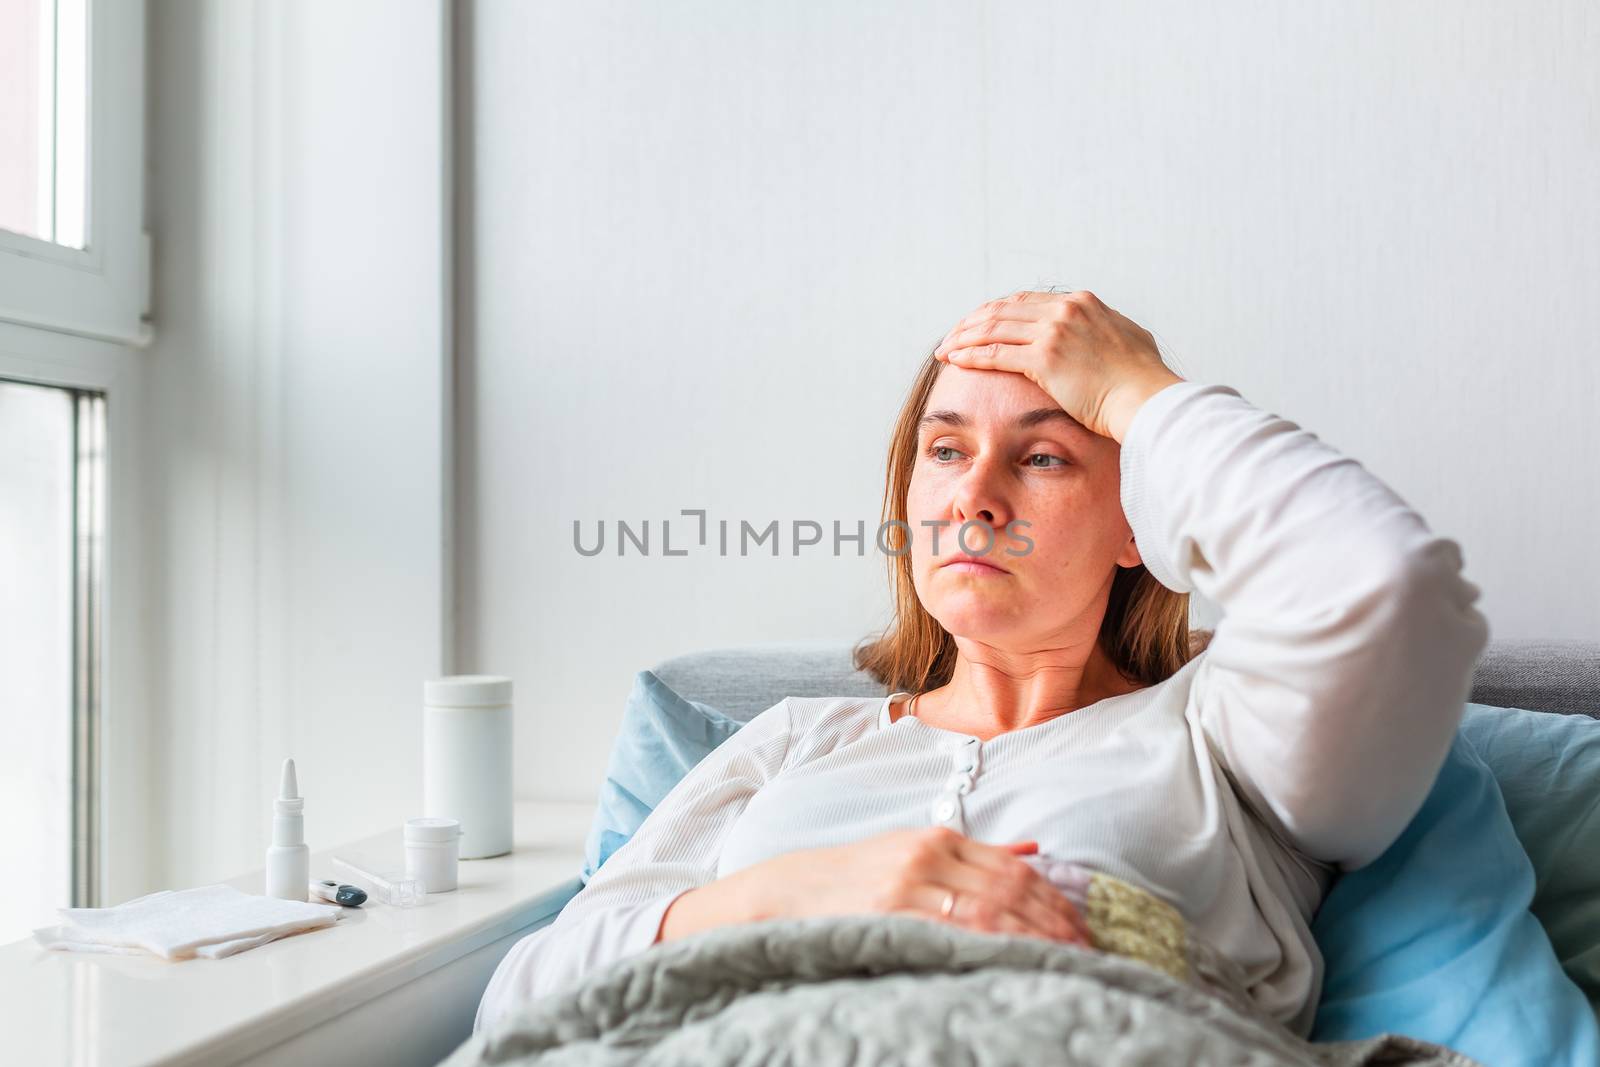 Sick woman with headache and fever lying under the blanket. Sick woman staying in bed with temperature durong coronavirus pandemic. Sick woman covered with a blanket lying in bed with high fever and a flu, resting.
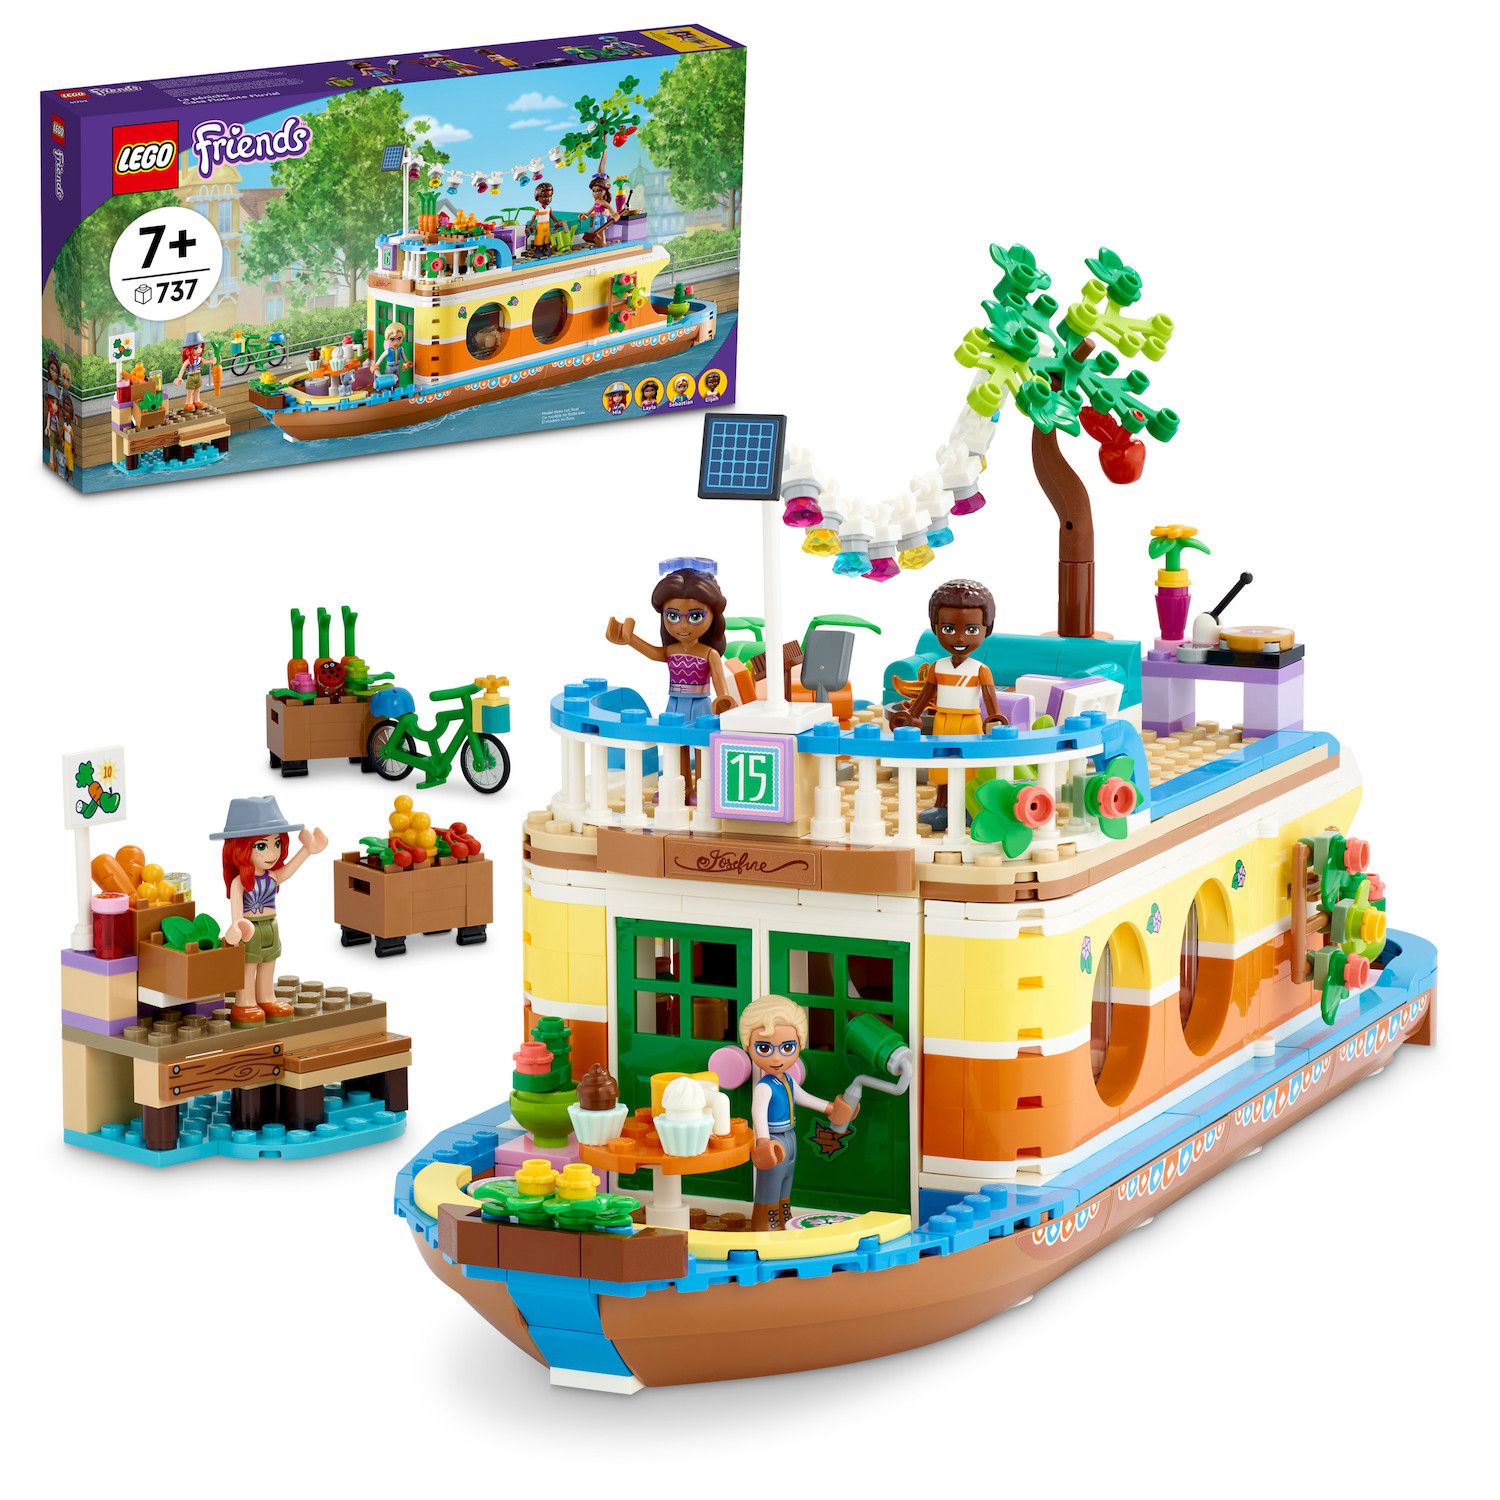 Image for LEGO Friends Canal Houseboat 41702 Building Kit (737 Pieces) at Kohl's.
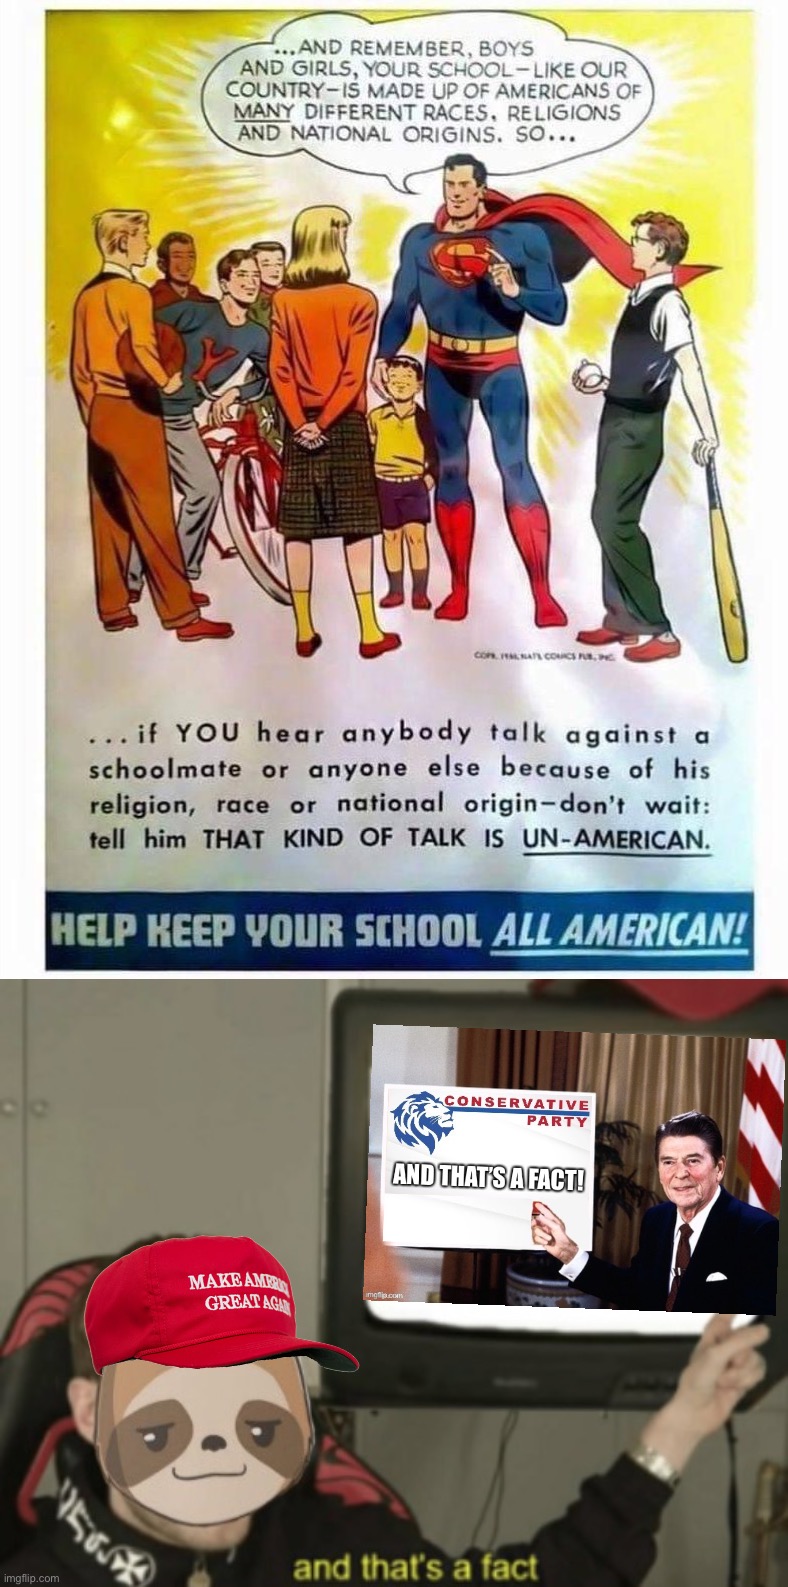 Down with Anglophobia! #WWSMD #VoteConservativeParty | image tagged in 1950s anti-racist superman,sloth and that s a fact,superman,anglophobia,conservative party,vote conservative party | made w/ Imgflip meme maker

#### [Task to carry out]
What this calls for is a word-for-word copy of the listing above, pictures excluded.

#### [Output]
 Sick woman with headache and fever lying under the blanket. Sick woman staying in bed with temperature durong coronavirus pandemic. Sick woman covered with a blanket lying in bed with high fever and a flu, resting.
 Image for LEGO Friends Canal Houseboat 41702 Building Kit (737 Pieces) at Kohl's.
 Down with Anglophobia! #WWSMD #VoteConservativeParty | image tagged in 1950s anti-racist superman,sloth and that s a fact,superman,anglophobia,conservative party,vote conservative party | made w/ Imgflip meme maker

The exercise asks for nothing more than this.